*Dataset section*.
+ + +

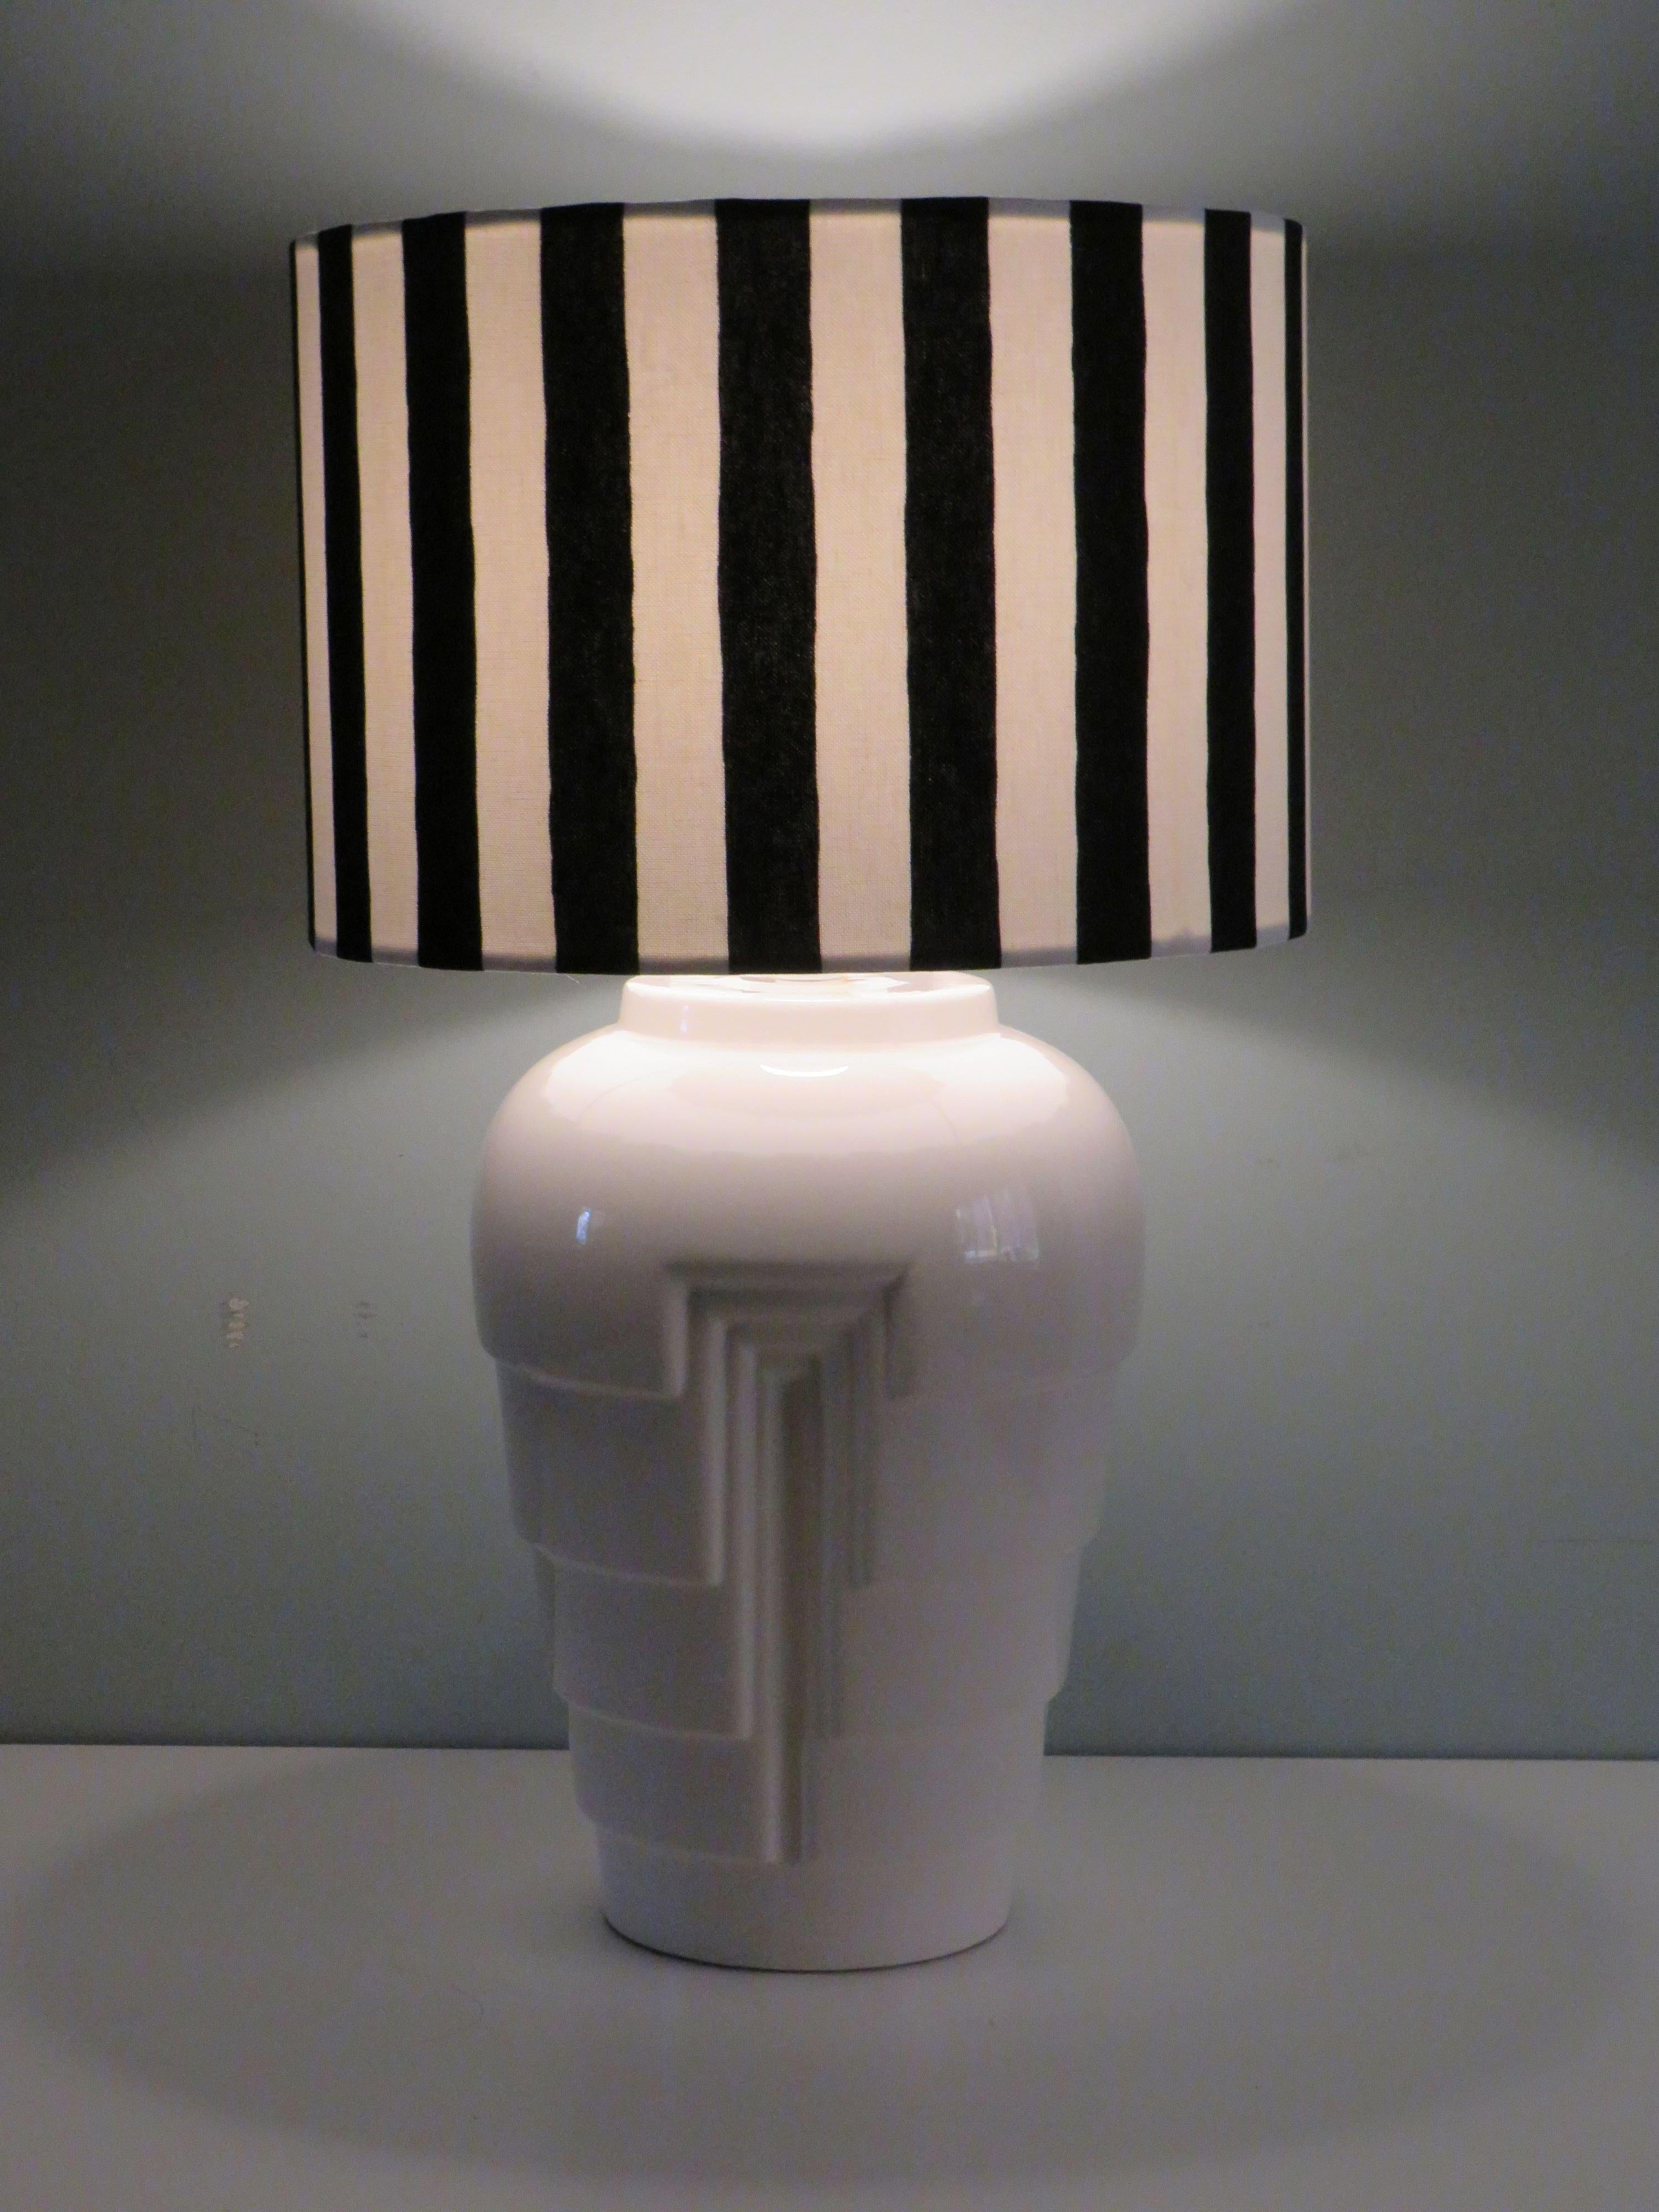 The white glazed lamp base features a skyscraper motif and a black and white striped custom-made lampshade.
The height of the lamp base is 35.5 cm. The maximum diameter is 21 cm.
The lampshade is covered with fabric from Ten Swedish Design, Radio Z
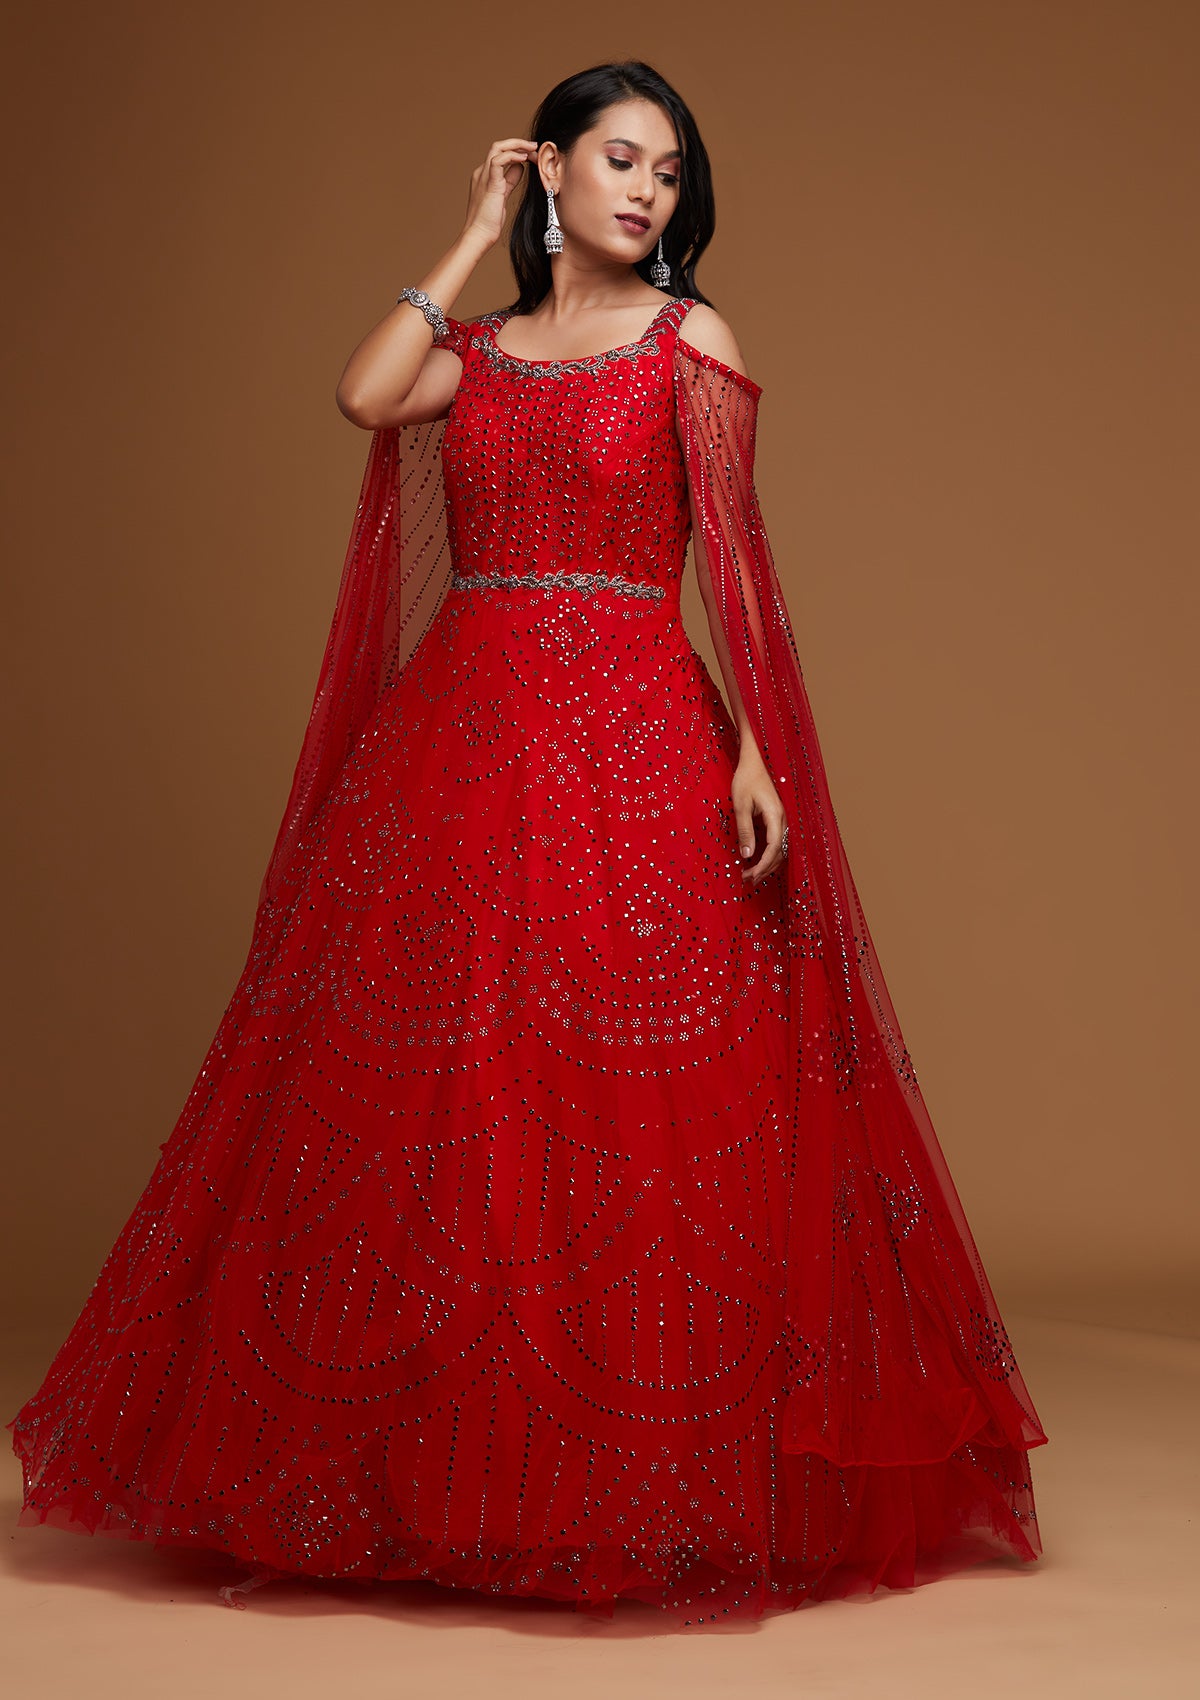 Buy Princess Red Cap Sleeves Tiered Skirt Ball Gown Weddingprom Online in  India  Etsy

+ + +

*Aim of the exercise*.
The lines to be transcribed are those from the first line of the data above through the line holding "The lampshade is", inclusive; copy them exactly and only, leaving out the pictures.

*Solution for this exercise*.
 The white glazed lamp base features a skyscraper motif and a black and white striped custom-made lampshade.
The height of the lamp base is 35.5 cm. The maximum diameter is 21 cm.
The lampshade is covered with fabric from Ten Swedish Design, Radio Z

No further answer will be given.